Dal campo alla tavola i prezzi crescono a tre cifre. Un esempio tra i più eclatanti è dato dalla pasta di semola di grano duro il cui prezzo nel 2023 è cresciuto al consumo dell’11% mentre contemporaneamente quello del nostro grano è precipitato del 40%. L’agricoltura è arrivata ad un punto di non ritorno.

La marginalità che resta al produttore non è sufficiente a compensare sacrifici e fatiche e tantomeno a dotarsi di manodopera, peraltro quasi irreperibile, in relazione ai costi di produzione che invece sono sempre più alti. Fabrizio Di Rado è proprietario dell’Opificio Birrario, birrificio agricolo a Lorenzana, e ha le idee molto chiare su questo argomento. “Questo è un sistema che ormai non regge più- dice– basti pensare ai cereali il cui prezzo di vendita non riesce a coprire i costi di produzione. Inoltre all’agricoltore viene imposto il prezzo del seme, del gasolio fino a quello di vendita del prodotto finito. Al produttore il finocchio costa 65 centesimi al chilo e poi lo ritroviamo in vendita nella grande distribuzione a 3-4 euro, c’è qualcosa che non torna”. Di Rado sottolinea come i produttori siano penalizzati anche perché spesso vengono messi in concorrenza tra loro, magari con prodotti provenienti dall’estero. Penalizzazione che riguarda anche l’ultimo anello della catena, ovvero il consumatore costretto a sopportare un carrello della spesa dal costo sempre più pesante.

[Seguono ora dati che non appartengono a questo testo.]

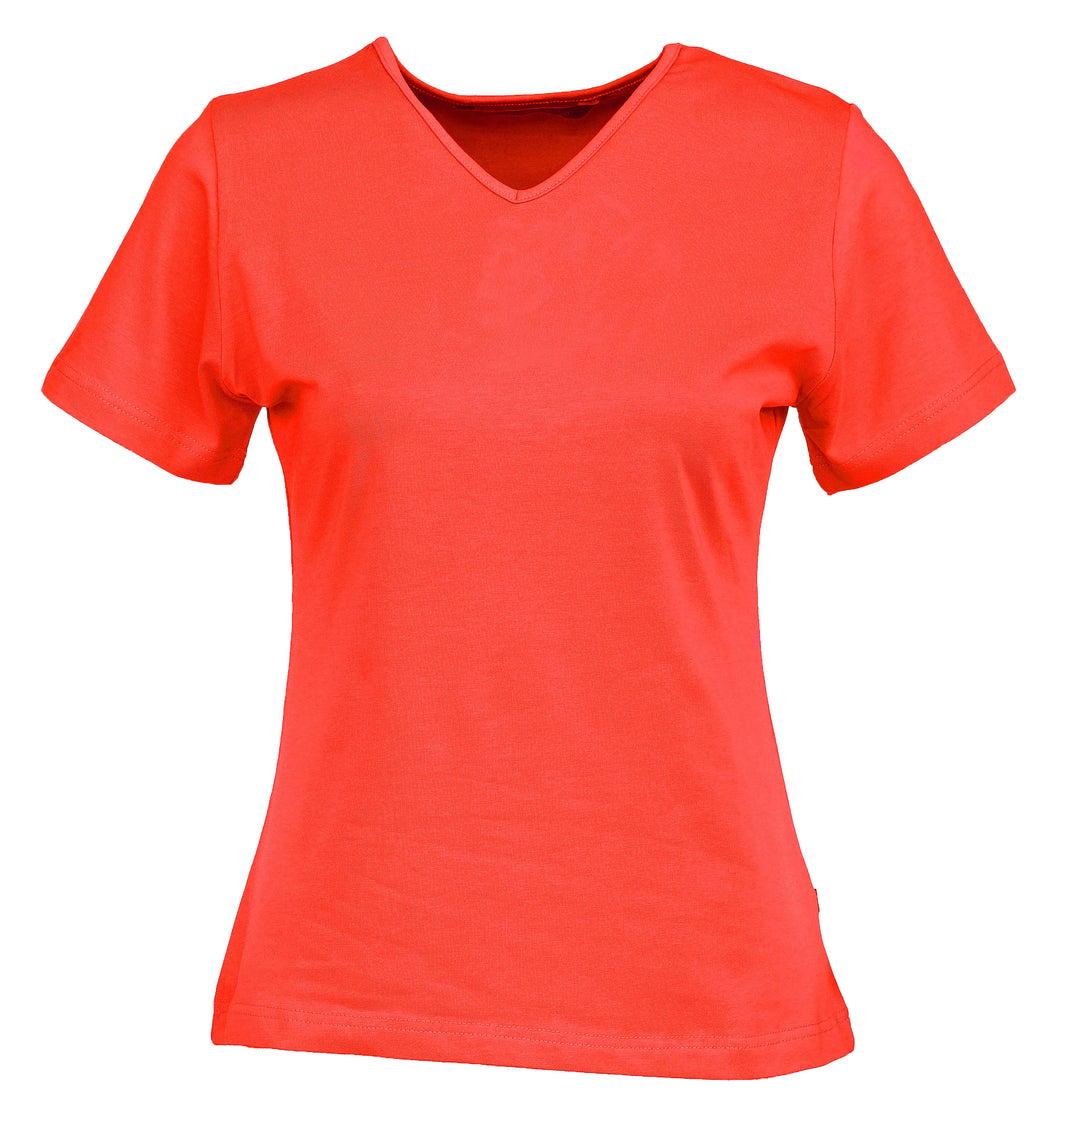 Naisten lyhythihainen korallinpunainen T-paita v-pääntiellä. Malli on aavistuksen tyköistuva.

Il settore ortofrutticolo è indubbiamente il più danneggiato. Personalmente- spiega– ho il vantaggio di evitare molti passaggi e mediatori costosi in quanto non compro fitofarmaci, seme, pochissimo concime e non vendo orzo o luppolo ma esclusivamente il prodotto finito, oltre a produrre orzo e malto direttamente in azienda. Tuttavia, i costi sono aumentati per tutti e se a questo aggiungiamo gli eventi climatici estremi degli ultimi tempi capiamo che la situazione per la categoria è piùgrave di quanto si pensi. Purtroppo se non stiamo attenti- chiosa Di Rado– la campagna rischia di diventare un luogo atto a produrre energia elettrica per l’industria e una discarica a cielo aperto. Non possiamo permetterlo!”. Un pericolo che lo Stato deve scongiurare.

Dobbiamo difendere il lavoro degli agricoltori- sottolinea Cinzia Pagni, presidente Cia Etruria– e al tempo stesso la qualità del cibo da portare sulle nostre tavole. Scarso reddito, carburante, costi di produzione, la nuova Pac, sono solo alcuni dei temi sui quali chiediamo venga posta attenzione da parte della politica, perché così è impossibile andare avanti”.